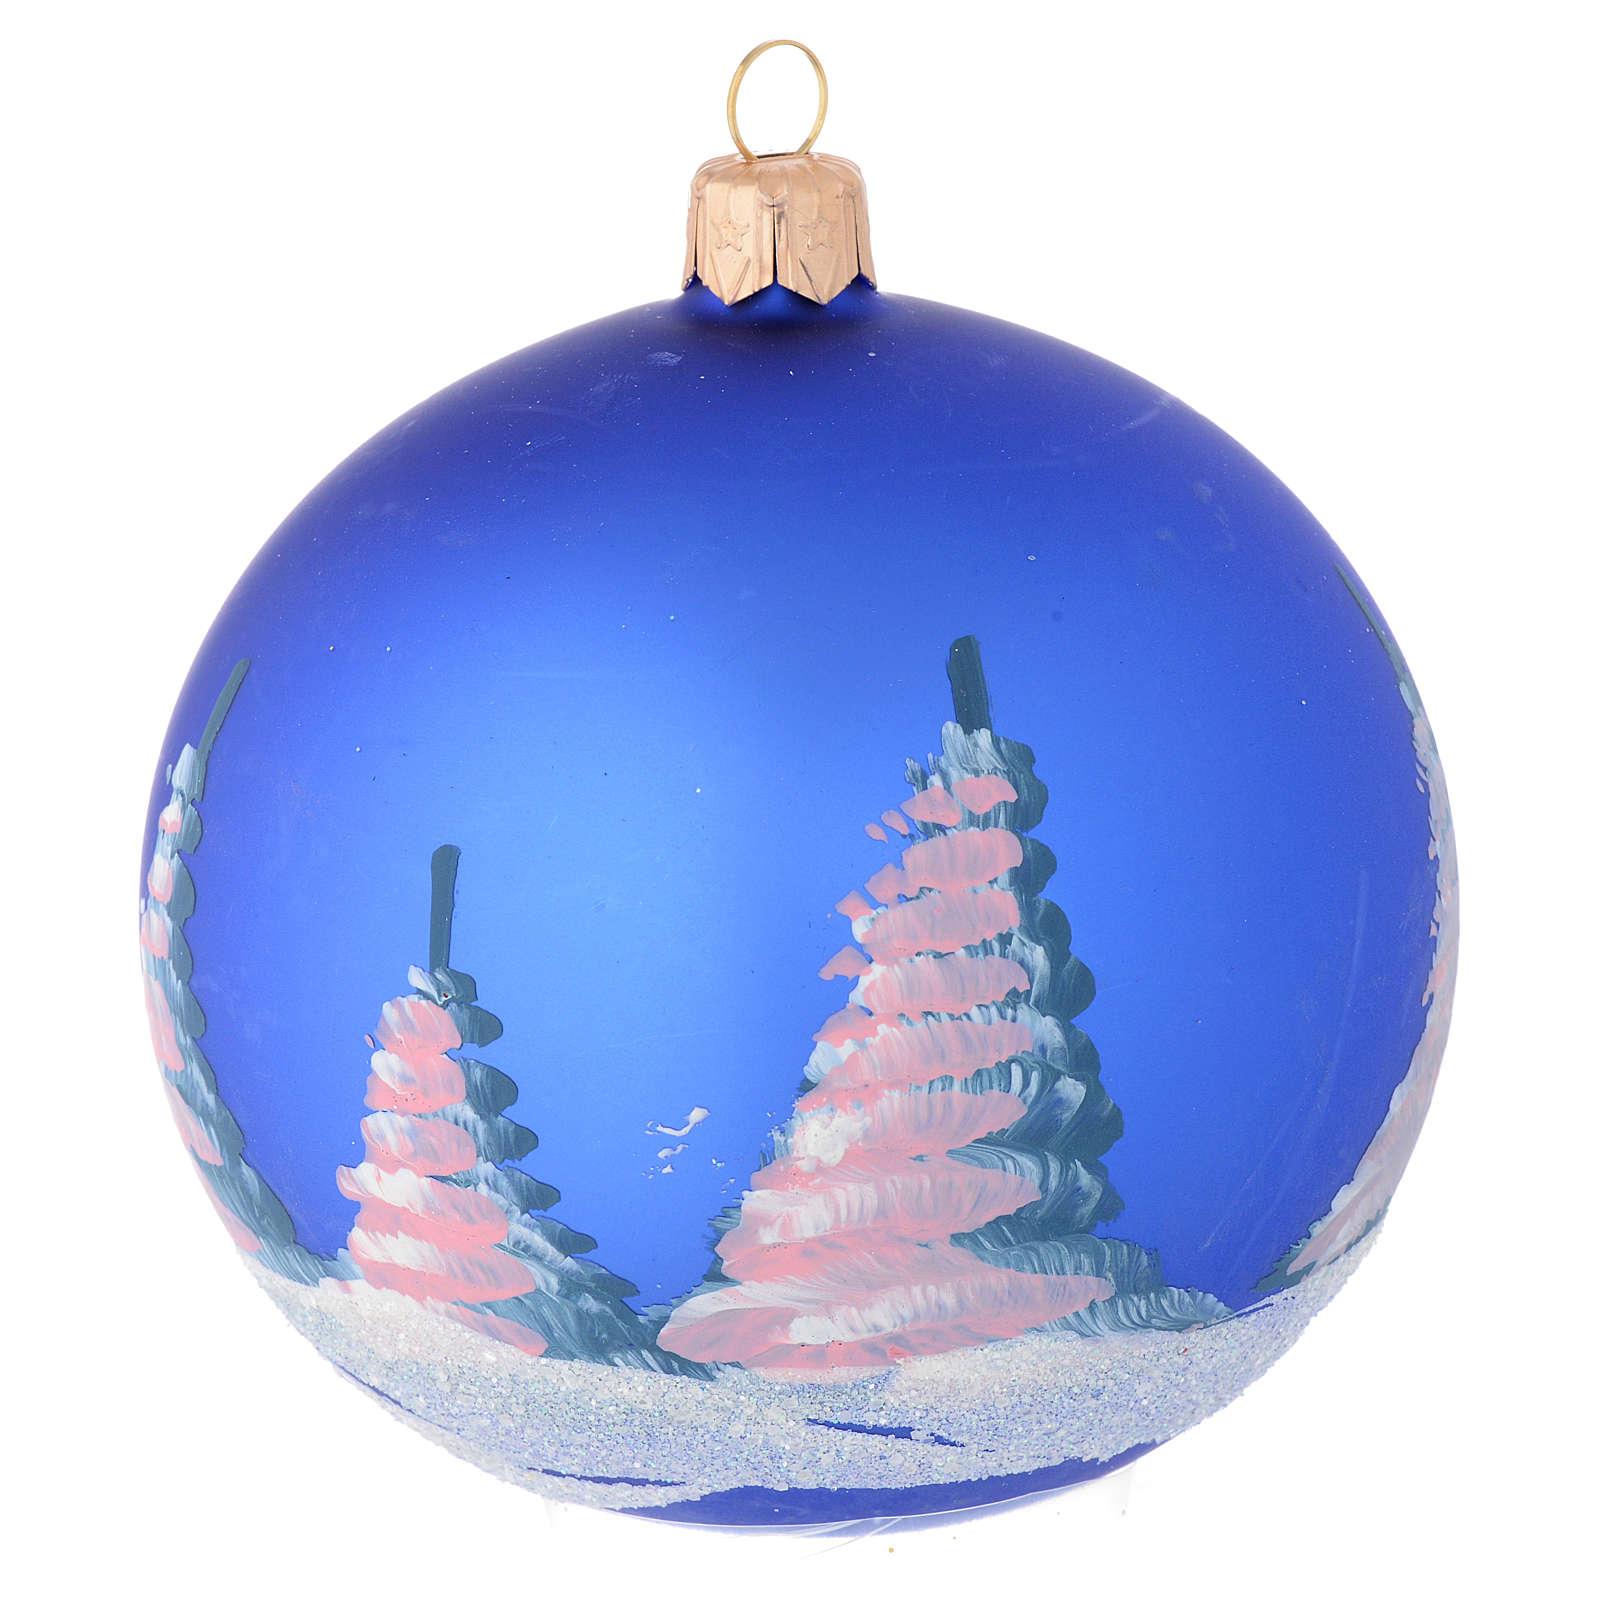 Bola de Navidad vidrio soplado azul paisaje decoupage 100 mm 4
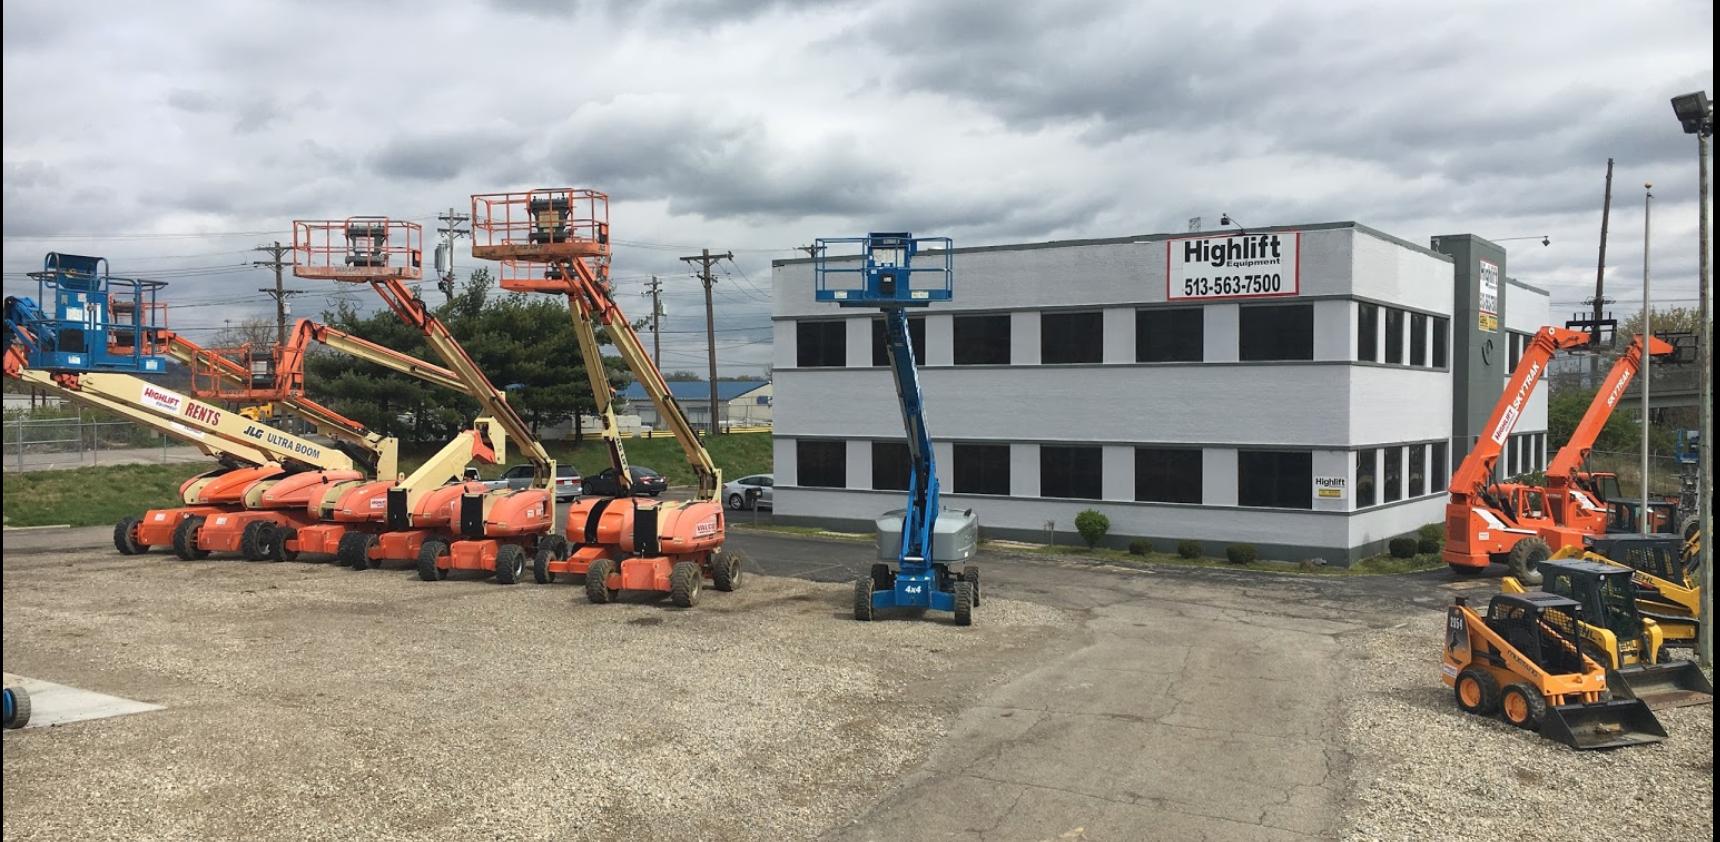 Highlift Equipment of Cincinnati
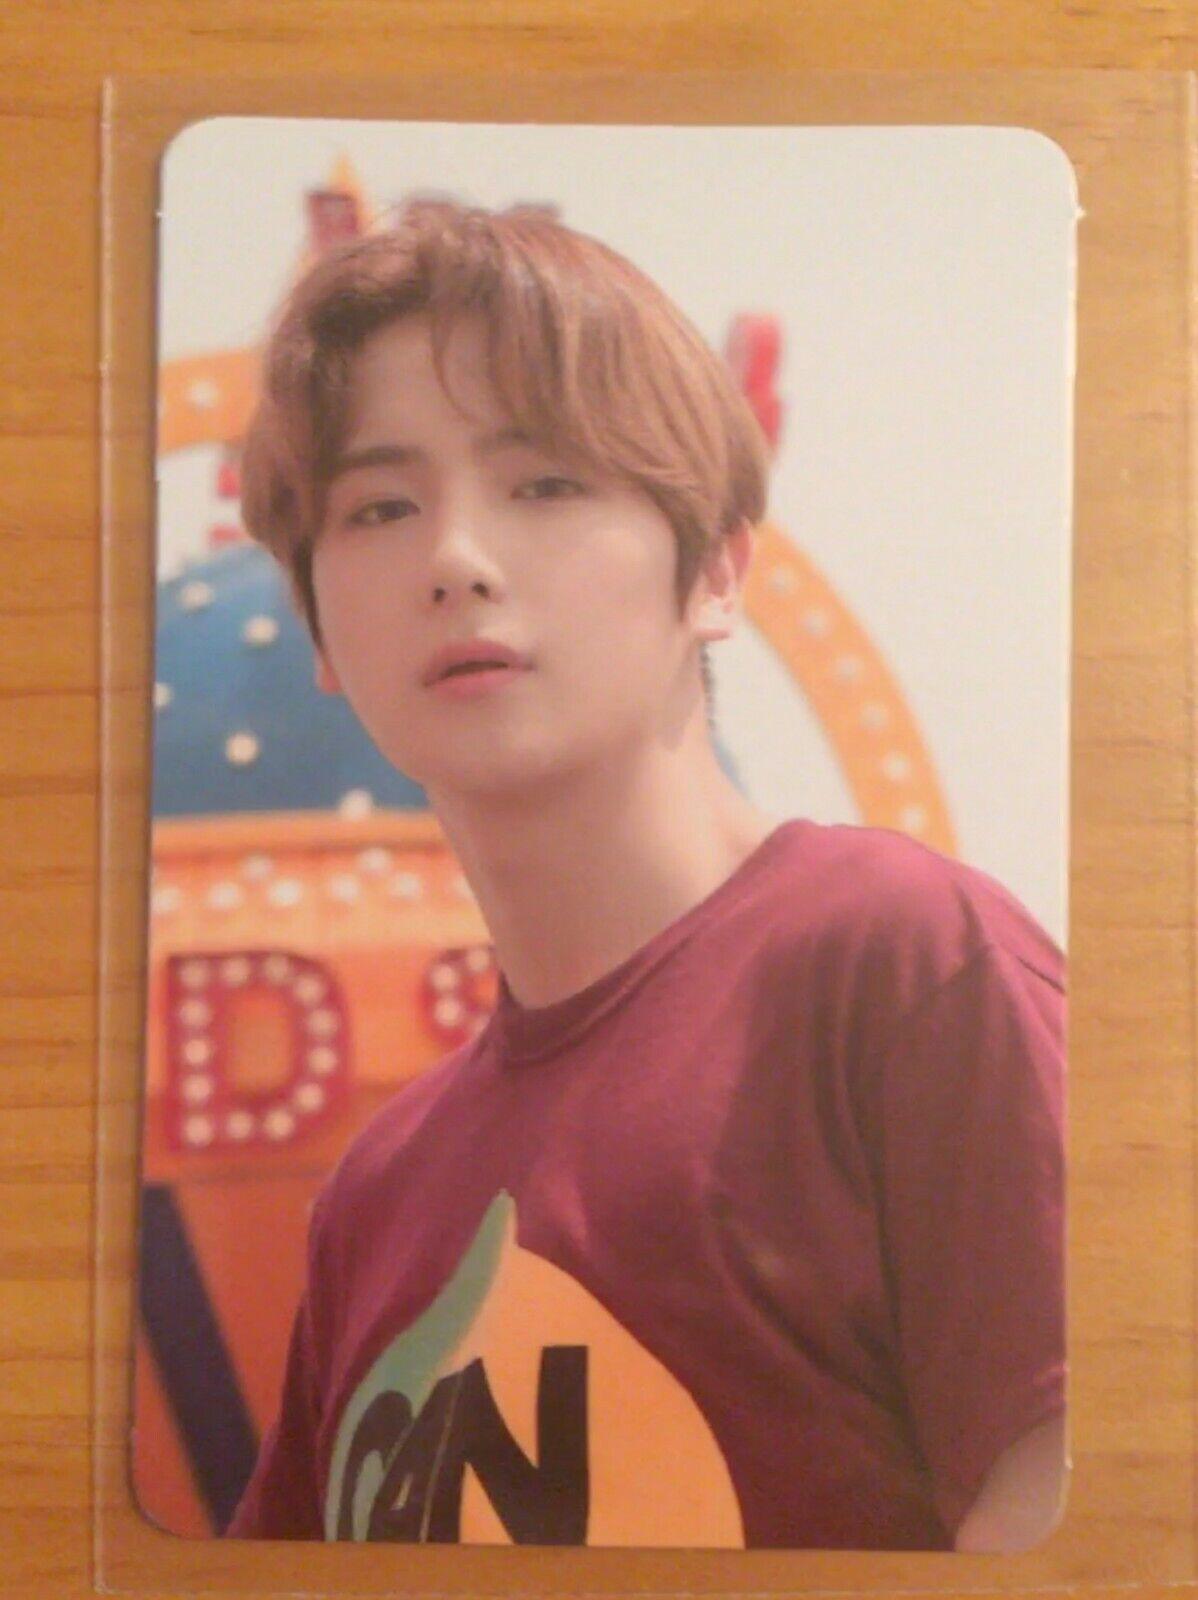 THE BOYZ - DREAMLIKE Official Photocards (MMT -limited- + DREAMLIKE + DAY + DIY) Hyunjae [MMT Signed]
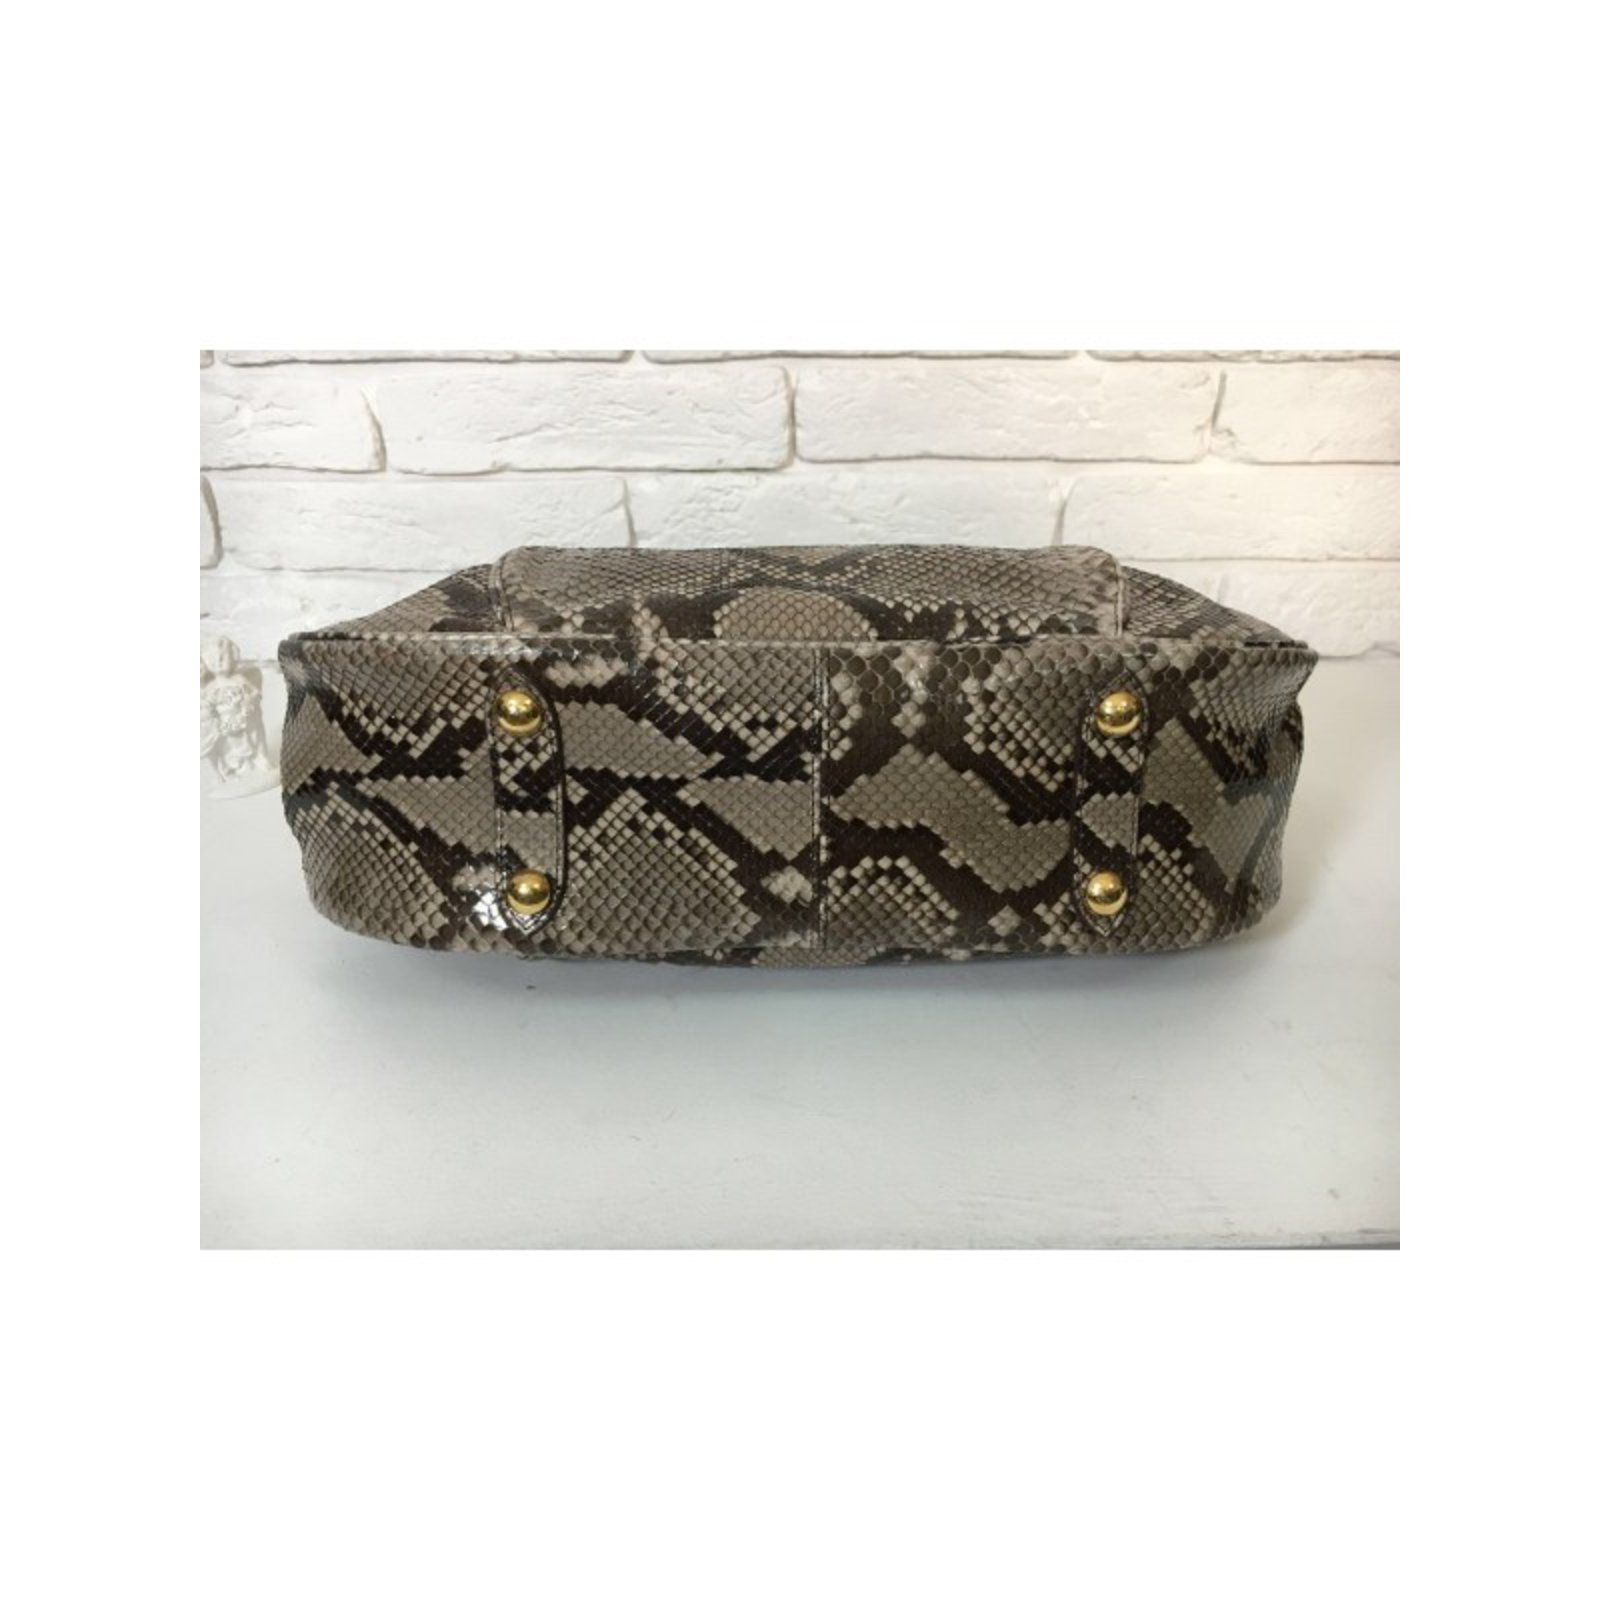 b97818e433c0 Facebook · Pin This. Louis Vuitton Limited Edition Python Galliera Smeralda  ...
============================================================
_Task details_
Retype the full listing above precisely. Exclude each picture you find in it.

_Problem solution_
 Bola de Navidad vidrio soplado azul paisaje decoupage 100 mm 4
 Highlift Equipment of Cincinnati
 THE BOYZ - DREAMLIKE Official Photocards (MMT -limited- + DREAMLIKE + DAY + DIY) Hyunjae [MMT Signed]
 b97818e433c0 Facebook · Pin This. Louis Vuitton Limited Edition Python Galliera Smeralda  ...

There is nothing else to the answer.